С точки зрения верующего человека, Готье был прав, высказывая сожаление о том, что революционеры-мужчины – и реже женщины – нередко провозглашали себя атеистами и, поступая на фабрику, отбрасывали формальную дисциплину веры; там они общались с товарищами, узнавали законы науки, читали своих Маркса, Дарвина, Жюля Верна[214]. Вначале деревенские мальчишки, перебравшиеся в город, еще держались привычной веры. Многие по привычке крестились, особенно проходя мимо церкви и особенно по пути домой. Некоторые поклонялись иконам на заводских стенах и какое-то время принимали поддержку и утешение от священника[215]. На некоторых фабриках были организованы уроки Закона Божьего, проводившиеся после окончания смены, а на многих были и свои часовни[216]. С одобрения Священного синода рабочий день начинался и заканчивался с молитв, и некоторые начальники присоединялись к своим рабочим, стоя с непокрытой головой впереди всех, похожие на директоров на гимназических собраниях[217].
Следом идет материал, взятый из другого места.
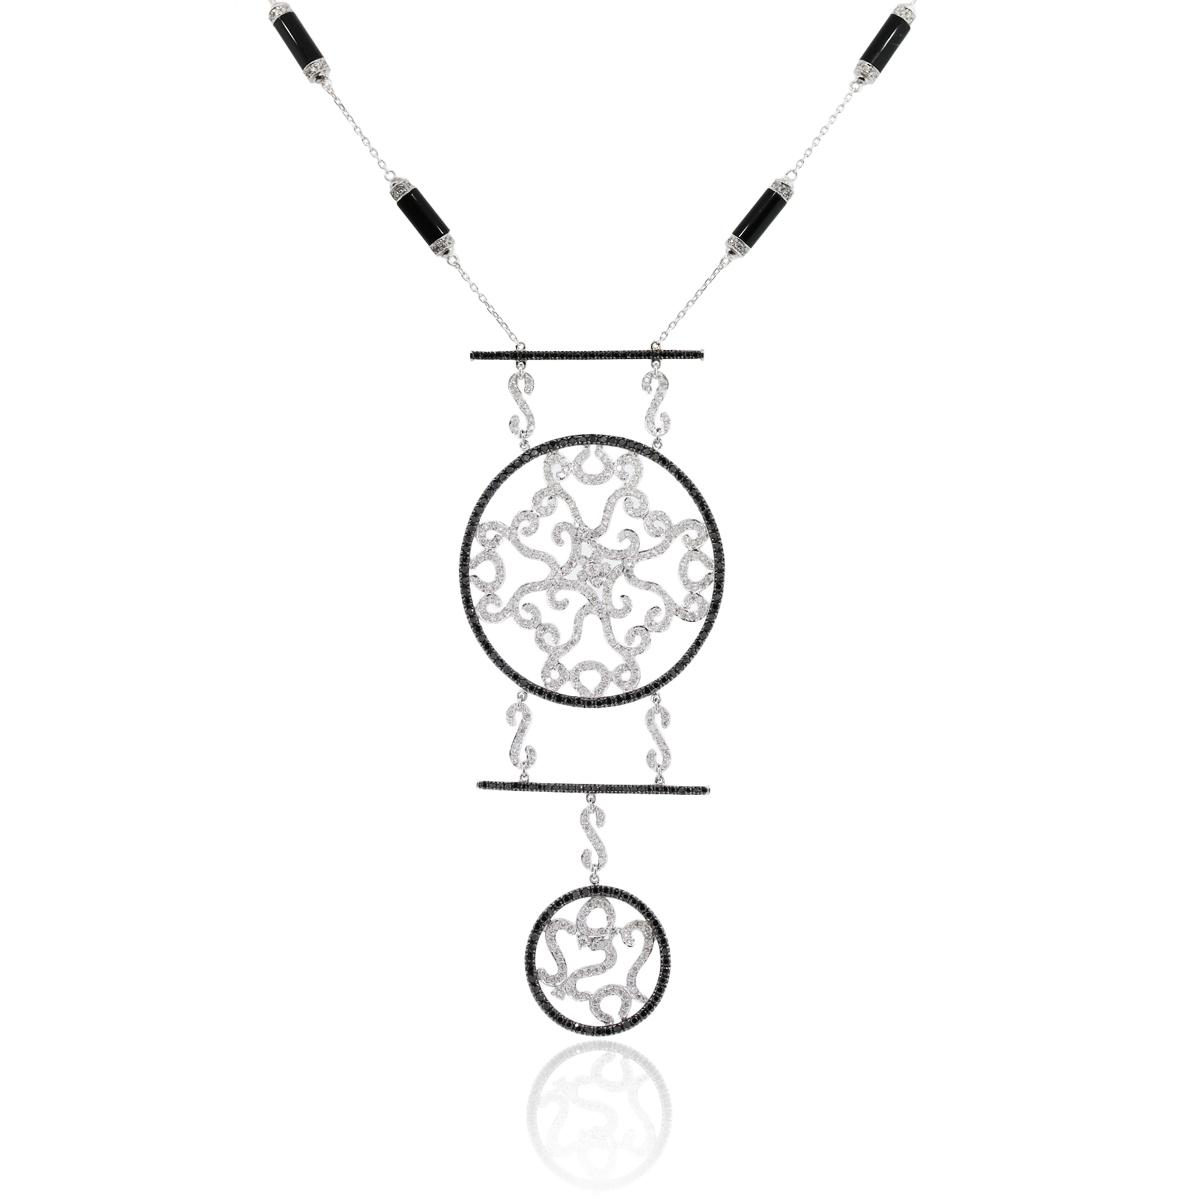 14k White Gold 5.98ctw Medallion Diamond Necklace
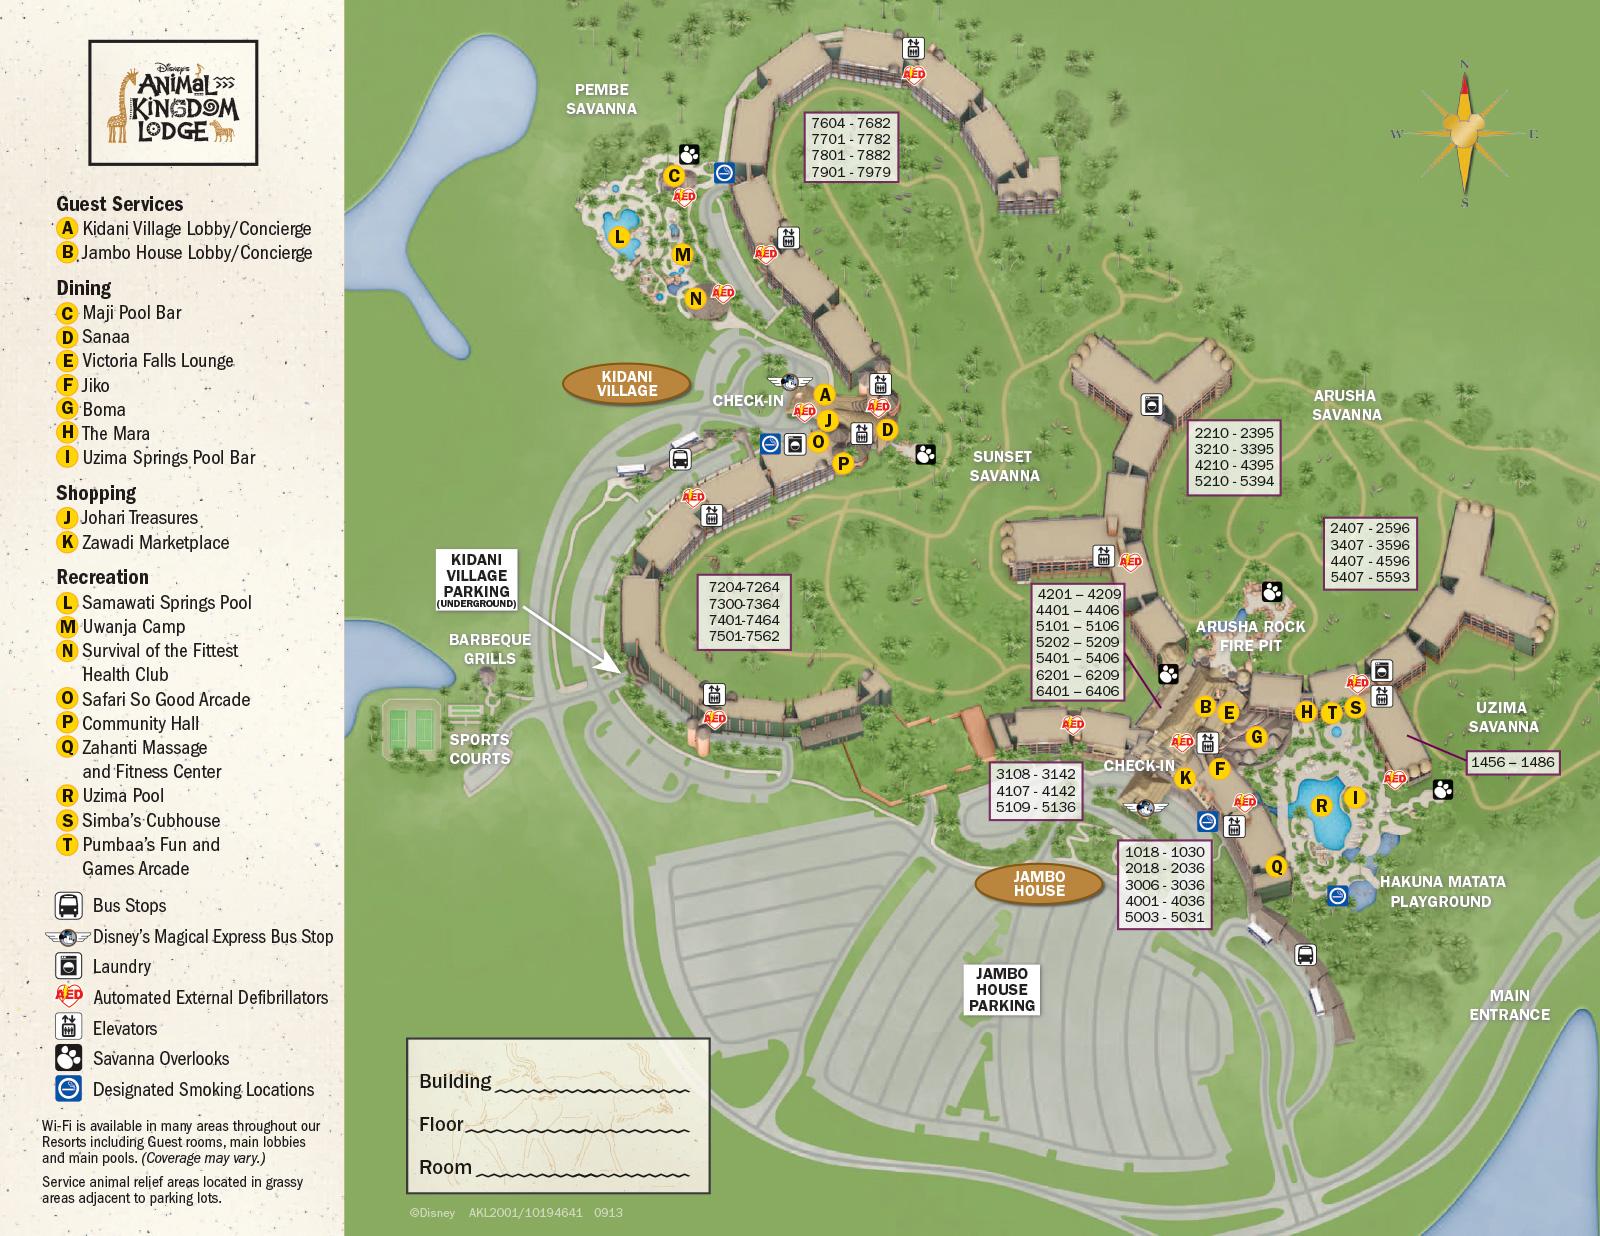 2013 Animal Kingdom Lodge guide map

Хотя некоторые религиозные пережитки могли сохраниться вопреки всему даже в преданных революции сердцах, давление, побуждавшее людей к поиску других, параллельных или полностью альтернативных миров веры, было практически непреодолимым. В беднейших областях церквей было немного. Например, на рубеже XX века в промышленном районе Орехово-Зуево, по сути представлявшем собой разросшуюся подмосковную деревню, была всего одна церковь на сорок тысяч жителей[218]. В таких районах было не слишком много женщин или, по крайней мере, женщин, регулярно посещающих храм, деревенских баб, у которых в доме постоянно бы горела лампада. Кроме того, ритм промышленного производства весьма условно соответствовал сельскохозяйственному циклу. Во мраке и пекле литейного цеха нетрудно было забыть про религиозный календарь со всеми его праздниками и постами. Семен Канатчиков вспоминал, как в юности под влиянием молодого рабочего по фамилии Савинов склонился к атеизму. Савинов настаивал, что даже священник едва ли сможет вообразить себе более ужасный ад, чем те печи, подле которых они работали[219]. В стихах рабочих того времени завод часто фигурирует как обитель страдания, с его “железными цепями”, “обжигающими печами” и молотом, вбивающим гвозди в человеческую плоть[220].